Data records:
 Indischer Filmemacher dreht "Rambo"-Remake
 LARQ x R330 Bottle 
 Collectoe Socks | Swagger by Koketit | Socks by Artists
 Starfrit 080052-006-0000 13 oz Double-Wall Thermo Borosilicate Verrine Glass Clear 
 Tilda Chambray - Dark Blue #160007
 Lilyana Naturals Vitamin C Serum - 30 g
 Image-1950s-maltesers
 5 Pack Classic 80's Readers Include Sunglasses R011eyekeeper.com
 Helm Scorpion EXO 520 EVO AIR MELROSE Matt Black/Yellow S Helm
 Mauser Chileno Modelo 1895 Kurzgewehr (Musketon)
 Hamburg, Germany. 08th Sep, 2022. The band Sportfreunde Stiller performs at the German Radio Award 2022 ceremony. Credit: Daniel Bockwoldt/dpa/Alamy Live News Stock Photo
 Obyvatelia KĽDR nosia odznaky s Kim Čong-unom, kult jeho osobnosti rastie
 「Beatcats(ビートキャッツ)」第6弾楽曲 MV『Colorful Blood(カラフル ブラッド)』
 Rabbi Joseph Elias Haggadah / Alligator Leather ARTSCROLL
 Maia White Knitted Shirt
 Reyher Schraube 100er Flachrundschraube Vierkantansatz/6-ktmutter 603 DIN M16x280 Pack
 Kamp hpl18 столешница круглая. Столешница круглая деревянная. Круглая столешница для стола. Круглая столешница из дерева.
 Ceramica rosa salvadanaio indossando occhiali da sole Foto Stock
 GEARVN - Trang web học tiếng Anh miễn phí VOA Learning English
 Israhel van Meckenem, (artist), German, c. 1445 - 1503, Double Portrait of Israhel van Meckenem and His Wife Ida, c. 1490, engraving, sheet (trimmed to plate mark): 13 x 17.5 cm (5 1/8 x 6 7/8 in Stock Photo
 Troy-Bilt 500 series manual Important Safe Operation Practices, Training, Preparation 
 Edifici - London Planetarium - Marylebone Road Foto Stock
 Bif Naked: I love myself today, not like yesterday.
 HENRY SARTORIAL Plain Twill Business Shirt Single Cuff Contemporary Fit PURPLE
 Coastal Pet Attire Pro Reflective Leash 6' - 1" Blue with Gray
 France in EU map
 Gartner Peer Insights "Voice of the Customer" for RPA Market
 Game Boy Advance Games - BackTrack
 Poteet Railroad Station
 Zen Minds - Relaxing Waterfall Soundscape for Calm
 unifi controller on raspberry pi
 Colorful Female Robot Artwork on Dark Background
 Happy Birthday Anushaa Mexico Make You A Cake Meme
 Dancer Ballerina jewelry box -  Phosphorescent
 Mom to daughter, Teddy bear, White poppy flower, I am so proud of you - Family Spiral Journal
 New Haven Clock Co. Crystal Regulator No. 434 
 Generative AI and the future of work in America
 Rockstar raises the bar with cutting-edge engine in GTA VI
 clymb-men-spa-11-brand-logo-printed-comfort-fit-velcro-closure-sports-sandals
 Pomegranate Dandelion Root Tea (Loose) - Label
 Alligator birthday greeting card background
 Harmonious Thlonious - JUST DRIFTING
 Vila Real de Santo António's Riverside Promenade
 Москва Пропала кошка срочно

Task details: Those lines of the records that contain the string "Dark" should be identified and copied.

Reply:
 Tilda Chambray - Dark Blue #160007
 Colorful Female Robot Artwork on Dark Background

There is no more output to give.